Une New-Yorkaise lors de la Marche des femmes à Washington, le 21 janvier 2017. / Sait Serkan Gurbuz / ASSOCIATED PRESS

On le reconnaît du premier coup d’œil : c’est un pantalon tailleur – vert – de Hillary Clinton. L’exposition du Musée de la ville de New York, lundi 6 novembre, devait marquer le couronnement d’un combat centenaire, avec l’élection de la première femme présidente des Etats-Unis. Mais la victoire de Donald Trump, le 8 novembre 2016, a changé la donne. Il a fallu adapter l’exposition, devenue l’expression d’une lutte qui n’est jamais complètement gagnée, en présentant le « pussy hat », le bonnet rose que portaient de nombreuses manifestantes lors de la Marche des femmes du 21 janvier, au lendemain de l’investiture de Donald Trump.

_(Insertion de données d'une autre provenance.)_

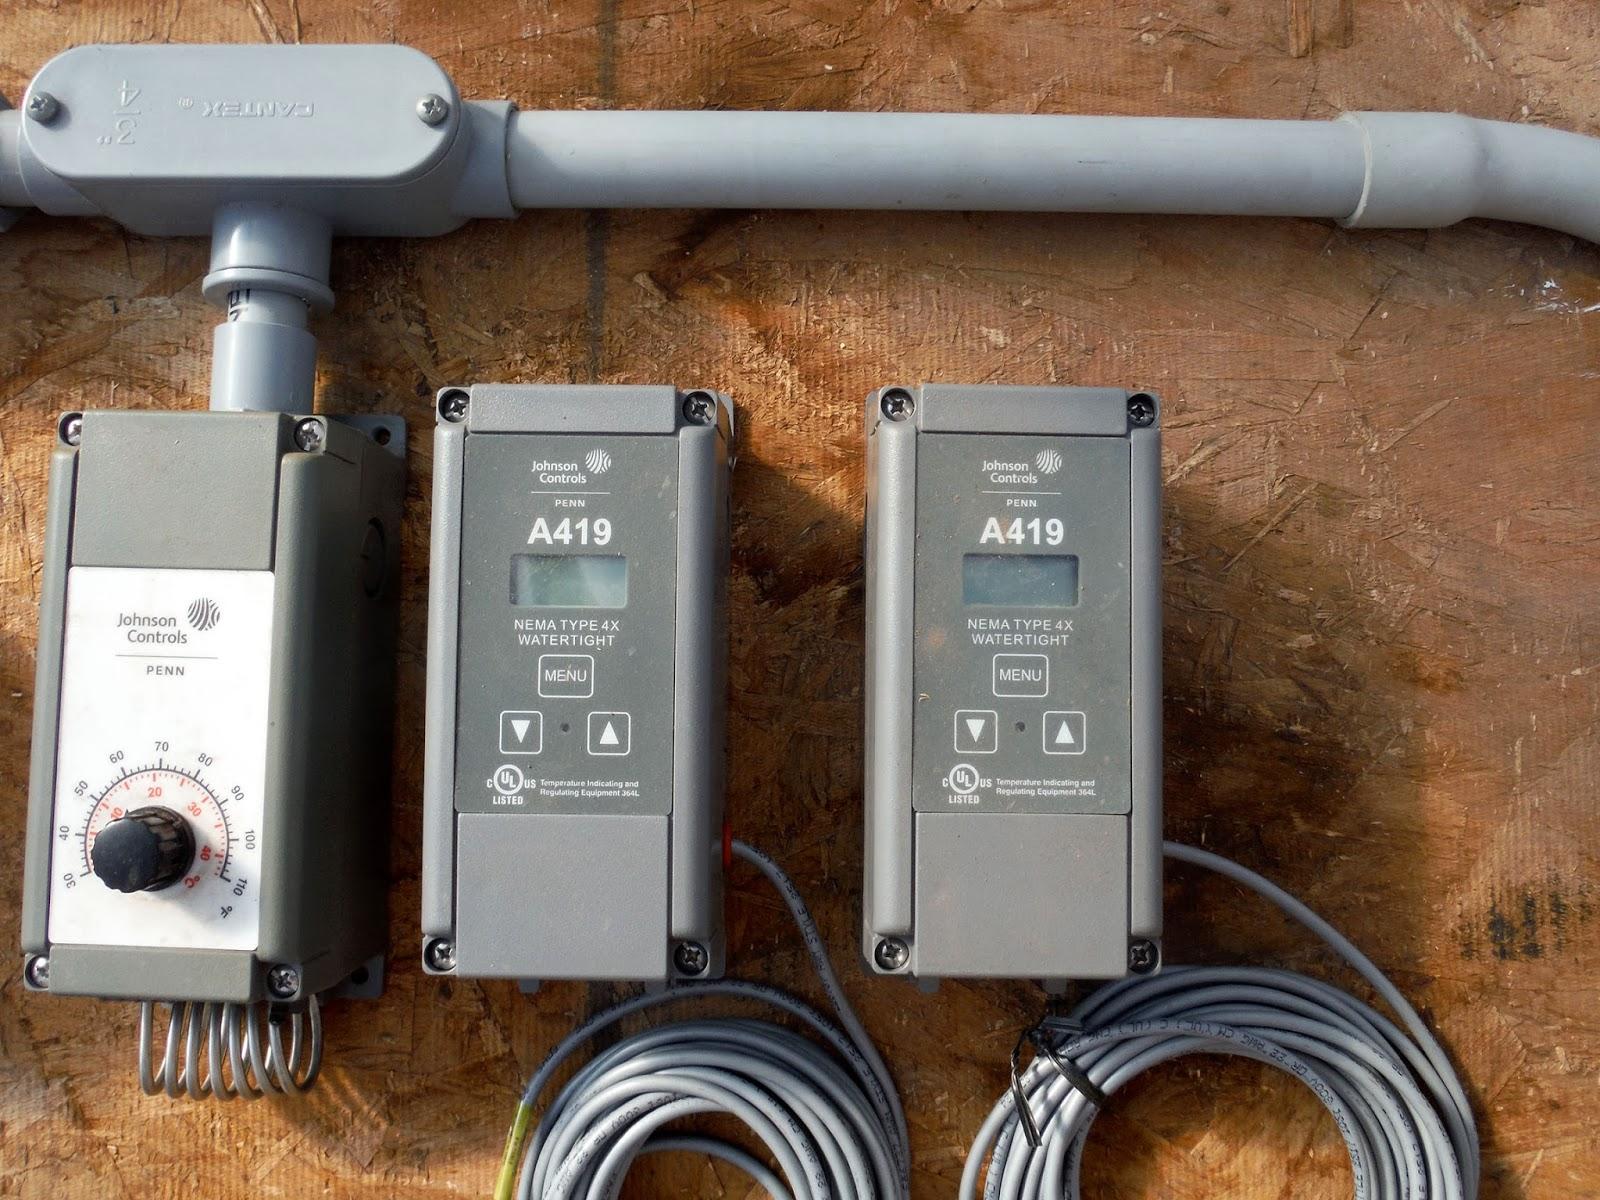 DSCF9766 durango urban agriculture aquaponics electrical 10 27 13

« On aime à croire que l’histoire est une ligne droite de progrès. Ce n’est pas le cas », explique en souriant Sarah Seidman, commissaire de l’exposition. Celle-ci retrace le combat politique des femmes, cent ans après que les hommes de l’Etat de New York leur eurent accordé le droit de vote par référendum, le 6 novembre 1917.

Mouvement de bascule

Cet Etat n’est pas le premier à avoir accordé le droit de vote aux femmes – le très sauvage et masculin Wyoming le fit dès 1869, suivi par d’autres Etats du Nord-Ouest américain –, mais c’est New York qui lança le mouvement de bascule qui aboutit à la modification de la Constitution en 1919 et au droit de vote généralisé des femmes l’année suivante.

L’exposition retrace le mouvement des suffragettes, engagé sérieusement à partir de 1848 par Elizabeth Stanton, et affiche les photos de féministes de toutes conditions et de toutes origines. A côté, et pas ensemble, car les combats furent souvent plus parallèles que communs. Certaines Blanches craignaient que l’adhésion de femmes noires au mouvement nuise à leur cause dans les Etats du sud.

Des Afro-Américaines ont découvert le machisme après s’être engagées dans les mouvements de droits civiques. Les luttes se fondaient ou se confondaient : « Je ne peux pas me permettre d’être fragmentée en Noire à un moment, femme à un autre et ouvrière ensuite : je dois trouver un principe unificateur à tous ces mouvements auxquels j’adhère », déclara Pauli Murray (1910-1985). Cette grande féministe ne trouva pas sa voie à travers l’élection, battue aux municipales de New York en 1949.

Car droit de vote ne signifiait pas l’entrée dans la cité. La quasi-totalité des femmes candidates à New York furent battues à l’élection de 1918. Beaucoup choisirent d’agir dans l’ombre, au sein de l’administration, et prirent de l’importance sous le règne de maires progressistes, notamment Fiorello LaGuardia (1934-1945), et lors de la mise en place du Welfare State pendant le New Deal.

« La marche continue »

Retour en arrière après-guerre, jusqu’aux mouvements féministes des années 1960. L’amendement constitutionnel pour l’égalité des droits entre hommes et femmes fut adopté dans les années 1970 par le Congrès, mais jamais ratifié par les Etats de l’Union. En célébrant l’exposition, la vice-gouverneure démocrate de l’Etat de New York, Kathy Hochul, a appelé à reprendre le flambeau : « Nous avons gagné le droit de voter, mais cela ne veut pas dire que nous sommes traitées également aujourd’hui, dans la culture ou la société d’aujourd’hui. Alors la marche continue. » Cette démocrate juge qu’après l’élection de M. Trump, « les femmes se sentent encore plus dans l’obligation de s’engager dans la vie politique ».

New York n’a jamais élu de femme gouverneure ou maire, alors que le démocrate Bill de Blasio devait battre, mardi 7 novembre, la républicaine Nicole Malliotakis à la mairie de New York dans un conseil municipal qui devrait compter moins d’un quart de femmes. En face du musée, Central Park, qui ne compte aucune statue de femme, attend toujours celle des suffragettes du XIXe siècle, Elizabeth Stanton et Susan Anthony. Ce sera en 2020, pour le centenaire du vote fédéral des femmes.